1. Aging and the Nucleolus

One question is whether the nucleolus, the site of ribosomal transcription and synthesis, is involved in the aging pathomechanisms or even a driver of age-associated physiological decline. The nucleolus is a non-membrane-bound organelle that organizes around the sites of rDNA transcription by RNA polymerase I (RNA Pol I) and the co-transcriptional pre-ribosomal assembly and processing [1]. The nucleolus is a dynamic organelle that dis- and reassembles during the cell cycle and contains a multitude of proteins involved in ribosomal biogenesis, cell cycle regulation, and stress responses [2][3].
In yeast cells, it has been shown that the redistribution of the silence information regulator, Sir2, from the telomeres to an AGE locus prolongs lifespan. The nucleolus has been identified as the AGE locus [4] and the accumulation of extrachromosomal rDNA circles resulting in nucleolar enlargement and fragmentation is one cause of aging in yeast [5]. This aging mechanism could not be confirmed in mammals, however the nucleolus attracted the attention of the aging research community.
The size of the nucleolus, during early microscopy, was recognized as, and is still valid as, a prognostic factor in tumor pathology and an indicator of the activity of the ribosomal synthesis machinery [6]. The nucleolar size, the activity of ribosomal biogenesis, and subsequent protein synthesis inversely correlate with lifespan in model organisms like Caenorhabditis elegans [7]. This implies that individuals with a high protein synthesis rate and turnover as well as large nucleoli might age more rapidly than individuals with a slow ribosome synthesis/protein synthesis activity and small nucleoli.

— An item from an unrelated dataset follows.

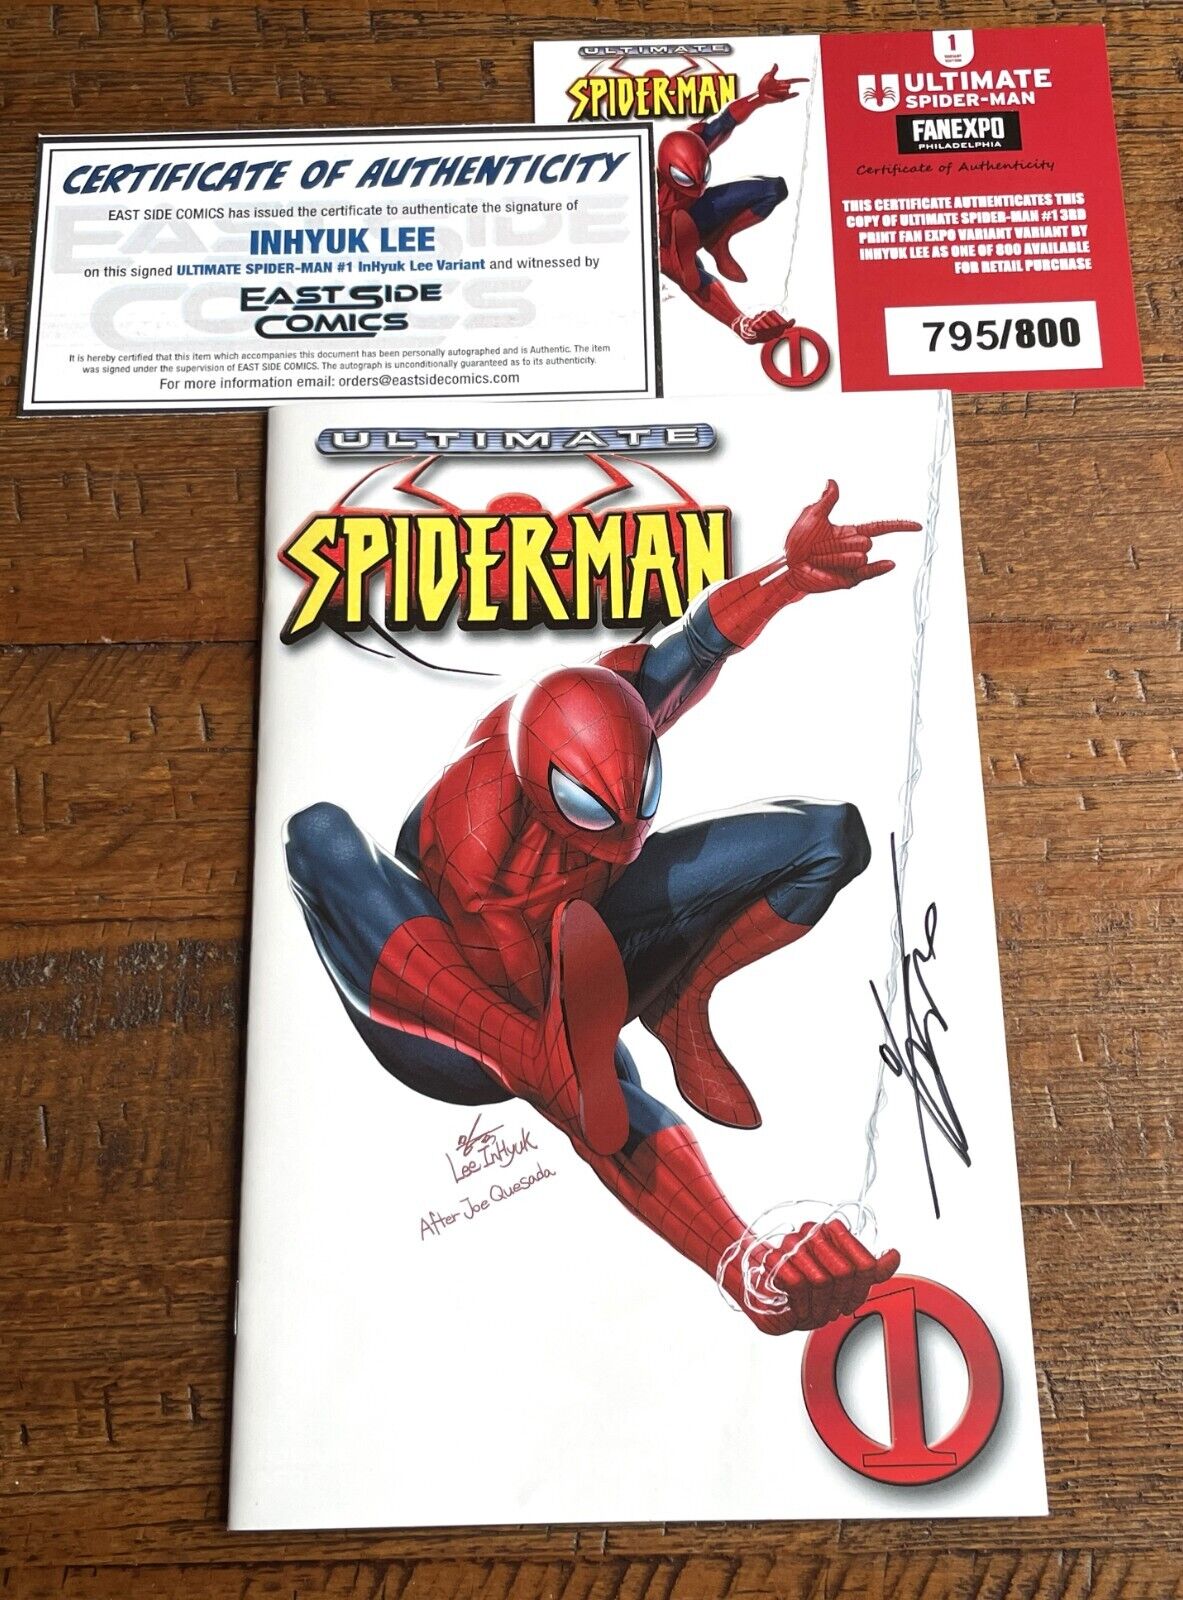 ULTIMATE SPIDER-MAN #1 INHYUK LEE SIGNED FAN EXPO PHILLY WHITE VARIANT HOMAGE

This observation is further supported by the fact that inhibition of a central sensor/regulator of nutrient availability, mammalian target of rapamycin (mTOR), also regulates nucleolar size and activity and inhibition of mTOR by rapamycin which results in a reduced nucleolar size, alleviates age-related pathology, and even extends the lifespan of model organisms [8]. The metabolic theory of aging states that the metabolic rate of an organism, which is also mirrored in nucleolar size and activity, is one denominator of the aging process and lifespan [9][10]. Therefore, the nucleolar size and activity reflect metabolic conditions, and thereby the rate of cell and tissue aging, however, whether this is mere correlation or a causal association is currently not established. Consequently, the investigation of the pathomechanisms of progerias may help to determine whether the nucleolus is a downstream effector or a causal player in the chain of events that leads to the demise of the cellular, tissue, and organismal integrity during the aging process.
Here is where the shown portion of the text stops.